Happy to post this to Bioconductor if you prefer, it started off as more of an ML query related to your BIOS 375 course.
Thanks in advance for any insight,
Chris
Thank you Mike.
Re: "The VST or scaled counts should be fine."
So either the DESeqTransform object following VST, or the txi object (txi <- tximport(files, type="salmon", tx2gene=tx2gene)) before "DESeqDataSetFromTximport" can be used?
Re: The last point you highlighted: if we do not use limma's removeBatchEffects (with batch and design arguments), might the flow hypothetically look like this?
dds <- DESeqDataSetFromTximport(txi,
vsd <- vst(dds, blind = FALSE)
Then use the transformed values within vsd in ML
Also, we have a wide range of sequencing depth in our human plasma samples after umi-deduplication (2million - 10 million).

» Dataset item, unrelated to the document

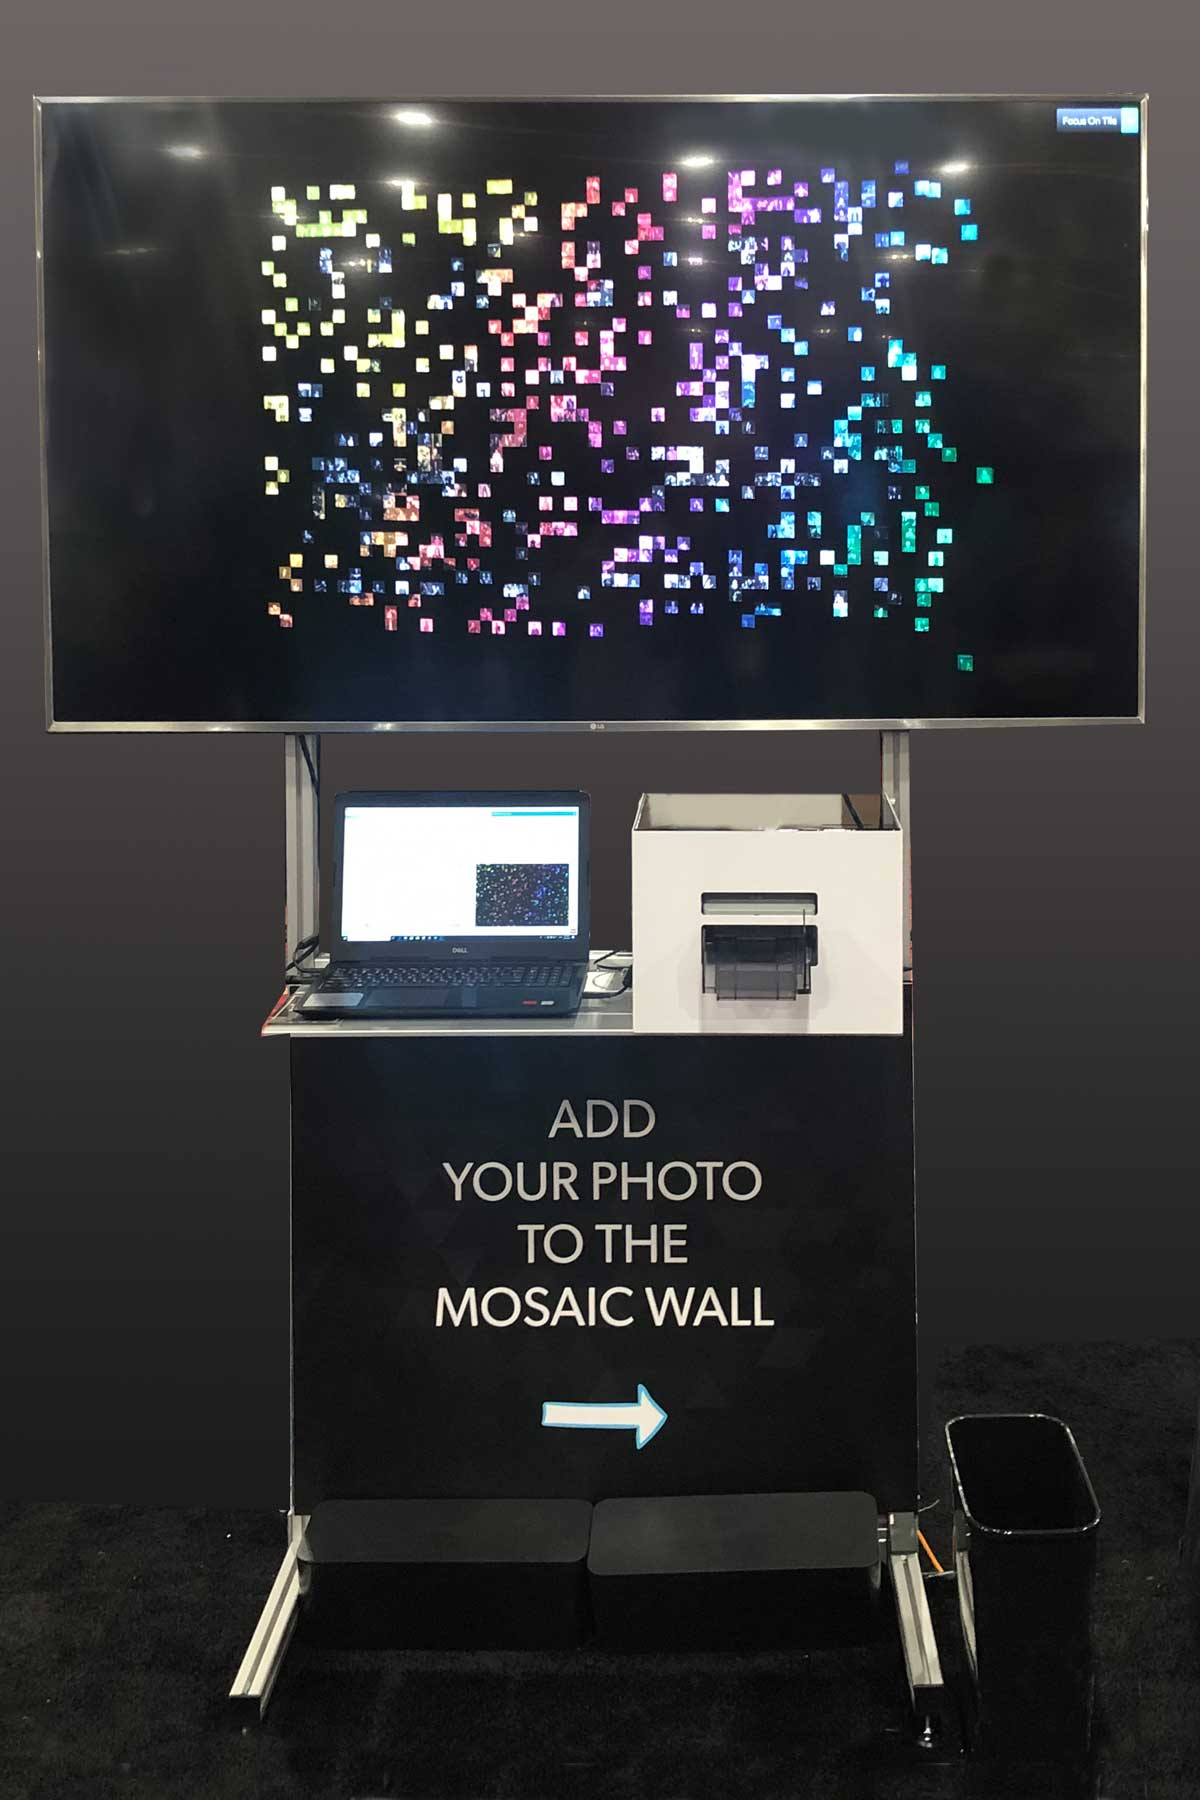 Mosaic-TV-DIsplay
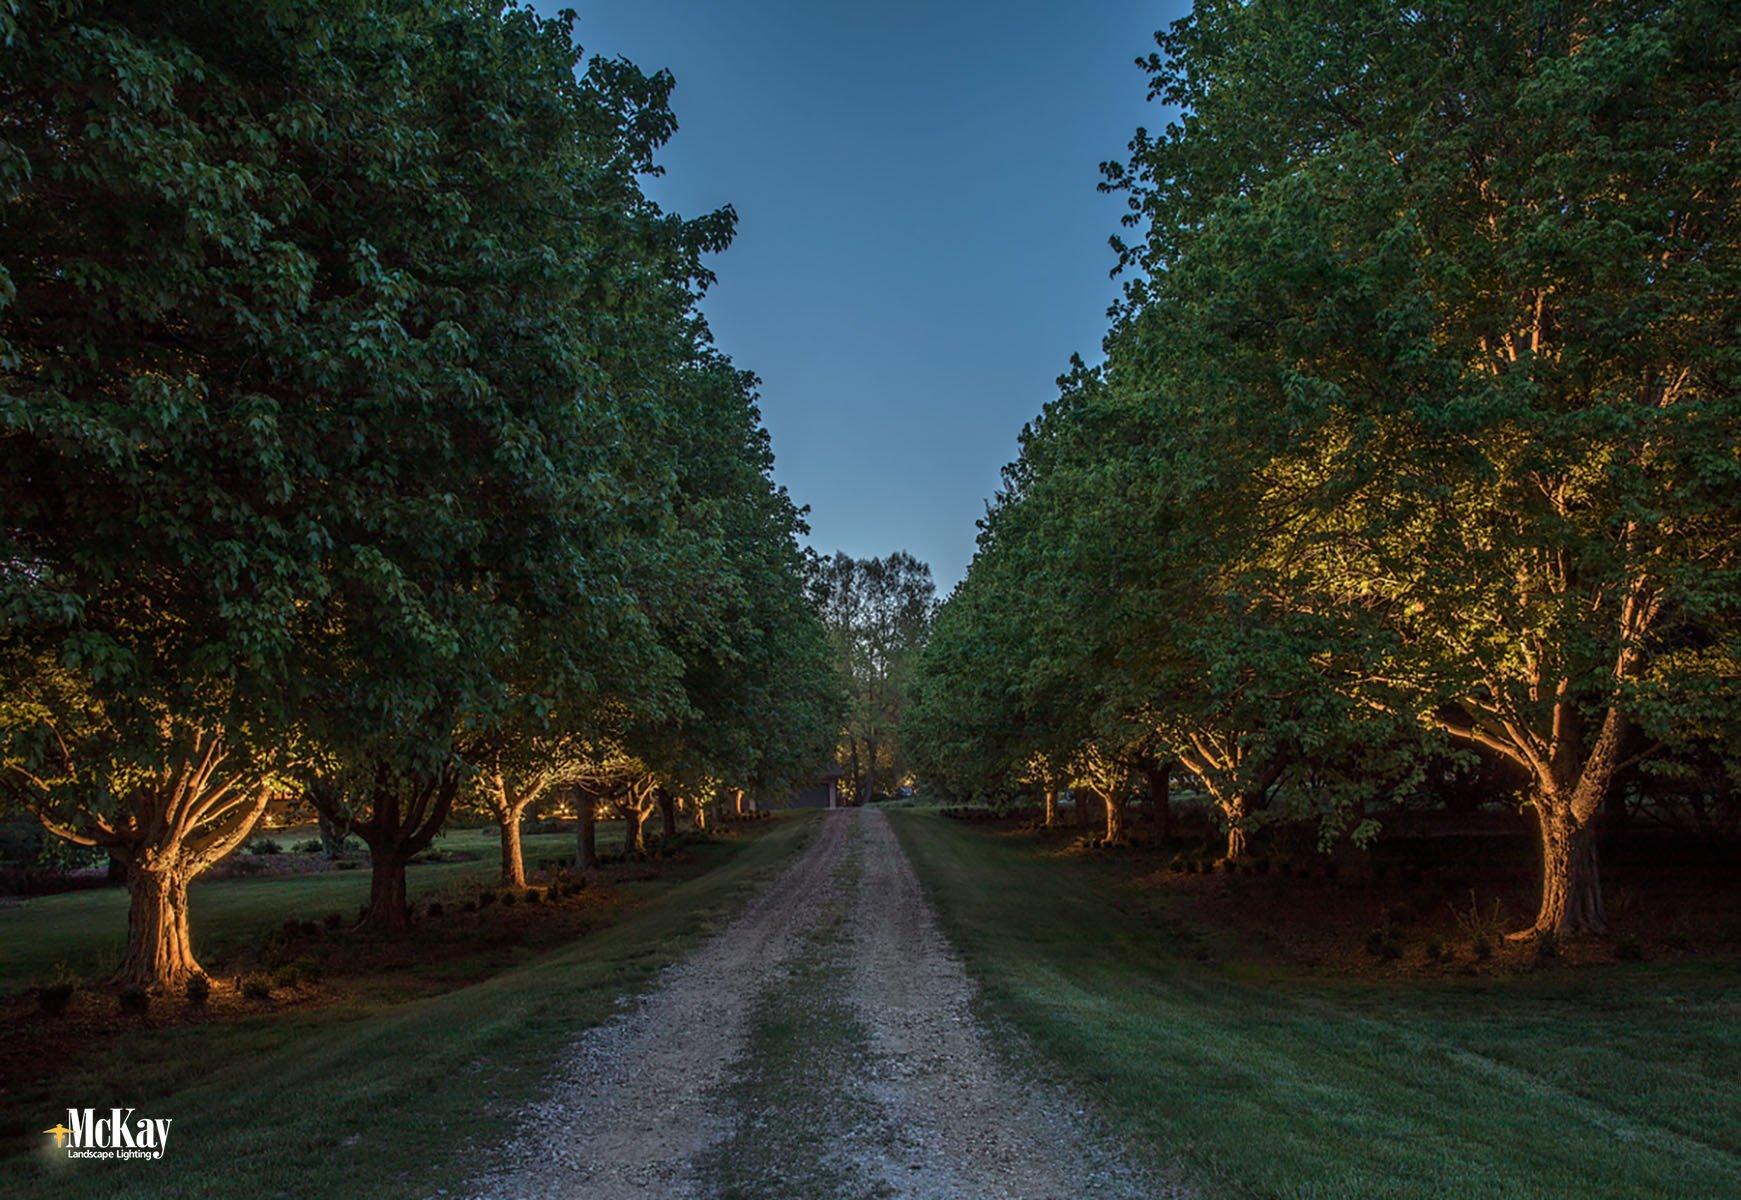 Driveway Lighting Ashland Nebraska McKay Landscape Lighting DS 01-2

Would you recommend rlog as more appropriate or to stick with the vst due to cohort size? We don't mind the slowness (slow is smooth and smooth is fast) but also note the comments in your guide, under which transformation to choose.
Thanks for any comments you might have on that aspect.
Hope CSAMA went well.
Scaled counts would be
counts(dds, normalized=TRUE)
yes.
Stick with VST, we prefer this one post the 2014 publication.
Thanks again Mike. Your comments and contribution are, as always, invaluable to the community.
Lastly, in relation to using vst, could you explain how vst (as a unit) can be explained when referencing the exponentiated elastic net coefficients (i.e odds ratios) ?
VST is asymptotic log2 counts, so you can think of the coefficients in a linear model as LFCs.